À Joshua, mon ami

Quelle année pourrie cette salope de 2026 ! Elle allait me prendre Joshua, mon meilleur ami, mon poto des 400 coups. Ses jours étaient comptés, c’était officiel. Les médecins lui donnaient quelques jours, peut-être une semaine. Il avait pourtant le sourire. C’est à n’y rien comprendre. Il avait fini par jeter l’éponge. Il disait à qui voulait bien entendre qu’il était prêt pour la grande évasion, qu’il serait en paix là-haut, à nous regarder nous épuiser telles des fourmis survoltées. Il avait déjà le regard « loin ». 

Moi, je le voyais dépérir depuis deux ans. Pour ses remissions et ses rechutes, j’avais toujours été présent. Je ne l’avais jamais laissé tomber. Mais là, putain, bordel de merde, les médecins l’avaient renvoyé chez lui. « Chez lui, vous vous rendez compte ? »Relégué comme un jouet cassé que l’on aime plus. « Tant qu’il pouvait leur servir de cobaye, mettre une note au baromètre de la souffrance, servir de croque–seringue, là oui, il y avait des infirmières dévouées autour de lui. » 

Les culottes courtes sous leur blouse blanche se délectaient à chaque rechute, scrutant la bête noire, sous toutes ses formes. Analyses, microscopes dernier cri, I.R.M. ou échographies, gadgets innovants en tout genre : rien n’était trop cher pour voir le mal. « Hé, oh ! Nous autres, on est là ! On va mal, nous aussi on souffre, regardez-nous, bande de binoclards ! Votre jargon de bas étages que personne ne comprend, et nous retourne le cerveau, y en a marre ! »

Une larme coule, silencieuse, sur sa joue.

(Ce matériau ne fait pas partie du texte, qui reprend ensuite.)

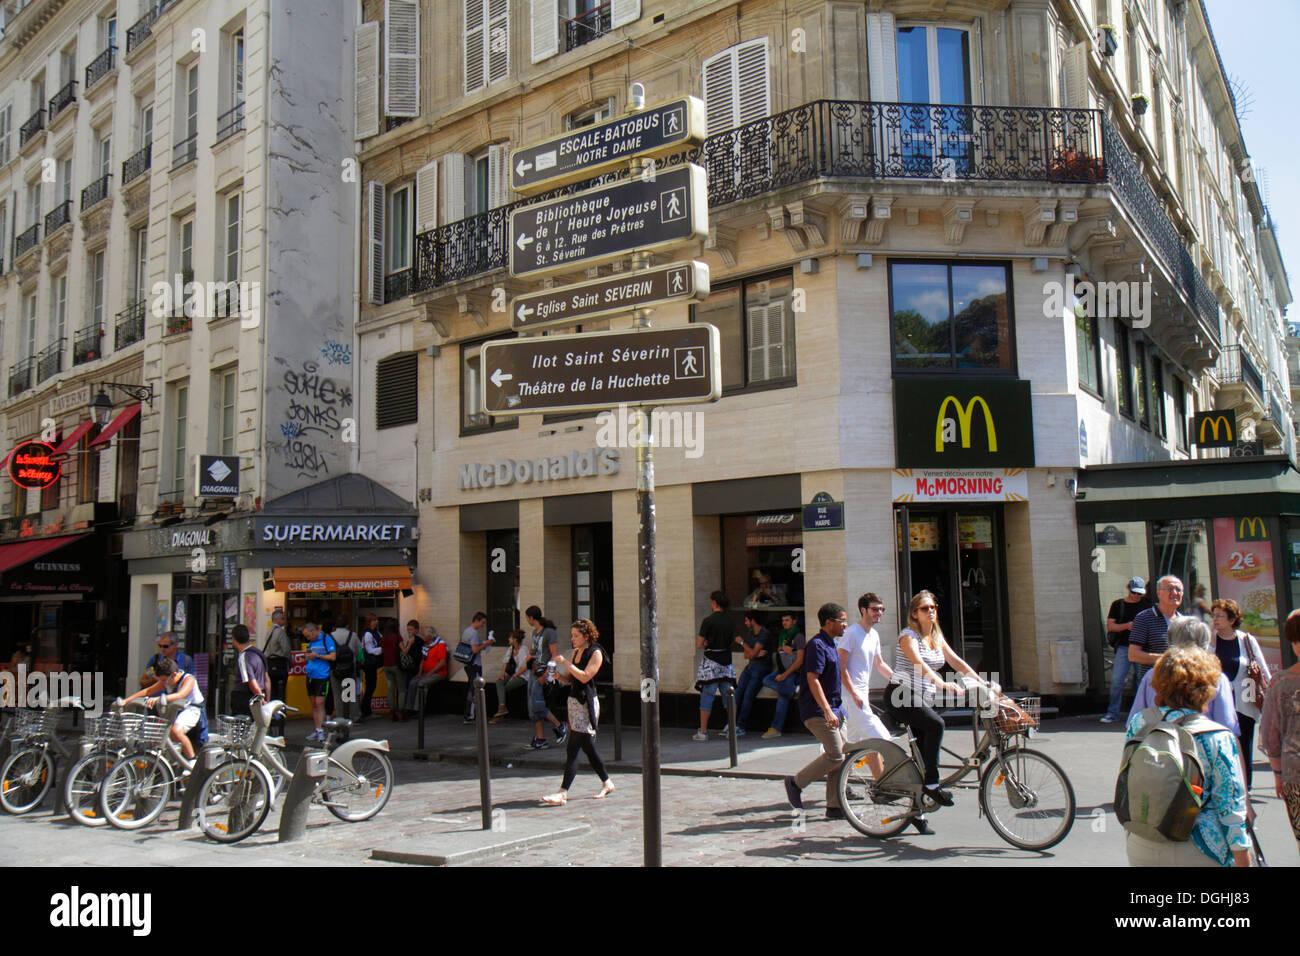 Paris France Europe French 5th arrondissement Latin Quarter Rive Gauche Left Bank Boulevard Saint-Germain McDonald's fast food r - Stock Image

Il ne l’a pas vu venir. Elle vient de loin. La bagarre, ça il connaît, il sait esquiver les coups, et en général il réussi toujours à en donner quelques-uns avant de tomber. Mais là… 

La buée qui sort de sa bouche, lui fait réaliser qu’il est toujours devant la maison. Il n’est pas entré. Bien que la morsure du froid ne l’atteigne pas, il a pourtant les doigts engourdis et des frissons parcourent son dos. Il fait un pas en avant, puis un autre en arrière. Il n’arrive pas à se décider, il ne sait pas s’il pourra affronter ce qui l’attend.

Il repense à sa première rencontre avec Joshua à l’école primaire Saint-Raphaël. Il se revoit penaud dans la cour à sa rentrée en CM1, alors qu’il ne connaissait personne, fixant le bout de ses chaussures, n’osant parler aux autres. Il n’avait jamais été de ceux qui se lancent sans filet. Joshua était venu se planter devant lui. «Tu joues à chat avec nous ? » Son regard pétillant et son sourire chocolaté l’avaient impressionné  d’emblée. Il avait hoché la tête et suivi ce meneur incontesté à qui on ne refusait rien. Depuis ils ne s’étaient plus quittés. Ils avaient enchaîné les soirées pyjamas chez l’un et l’autre, les parties de console jusque tard dans la nuit, leurs premiers questionnements sur les poils et les filles. Joshua l’avait littéralement embarqué dans toutes ses histoires, toute une vie. Au collège puis au lycée, ils étaient inséparables et faisaient tout ensemble. 

Arthur laisse enfin remonter tous les souvenirs à la surface. Il se souvient de leur première boum chez Kevin Lebaud, dans un appartement du 17e, sans surveillance des parents, le super kiffe. Son premier baiser avec la douce Marie qui sentait la vanille, Joshua lui tendant une drôle de cigarette et cette euphorie vaporeuse et planante qui s’en était suivie. Ils avaient tellement rigolé. Ils titubaient dans la rue en rentrant, réveillant les voisins sur leur passage. Ils étaient heureux, ils étaient beaux, ils étaient libres, ils avaient la vie devant eux. 

Et la fois où Joshua l’avait empêché de tabasser Boris. A quinze ans, Joshua avait déclamé avec une résolution absurde : « tu seras boxeur professionnel, et un sacrément bon, mon pote ». Il avait toujours su avant moi. Comme pour Elodie, ma compagne, qui se languissait depuis des mois. Bien sûr je n’avais rien vu. Mais Joshua, lui, m’avait botté le cul et obligé à l’inviter. Joshua était ma boussole, une barrière érigée devant ce précipice invisible qui m’attirait si souvent. 

Le crissement de la neige tassée derrière lui le fait sursauter. C’est Benjamin et Irène, ils sont là, eux aussi. Il ne sera pas seul ce soir pour veiller Joshua. Il leur adresse un regard reconnaissant, mais une partie de lui-même n’a qu’une envie : fuir.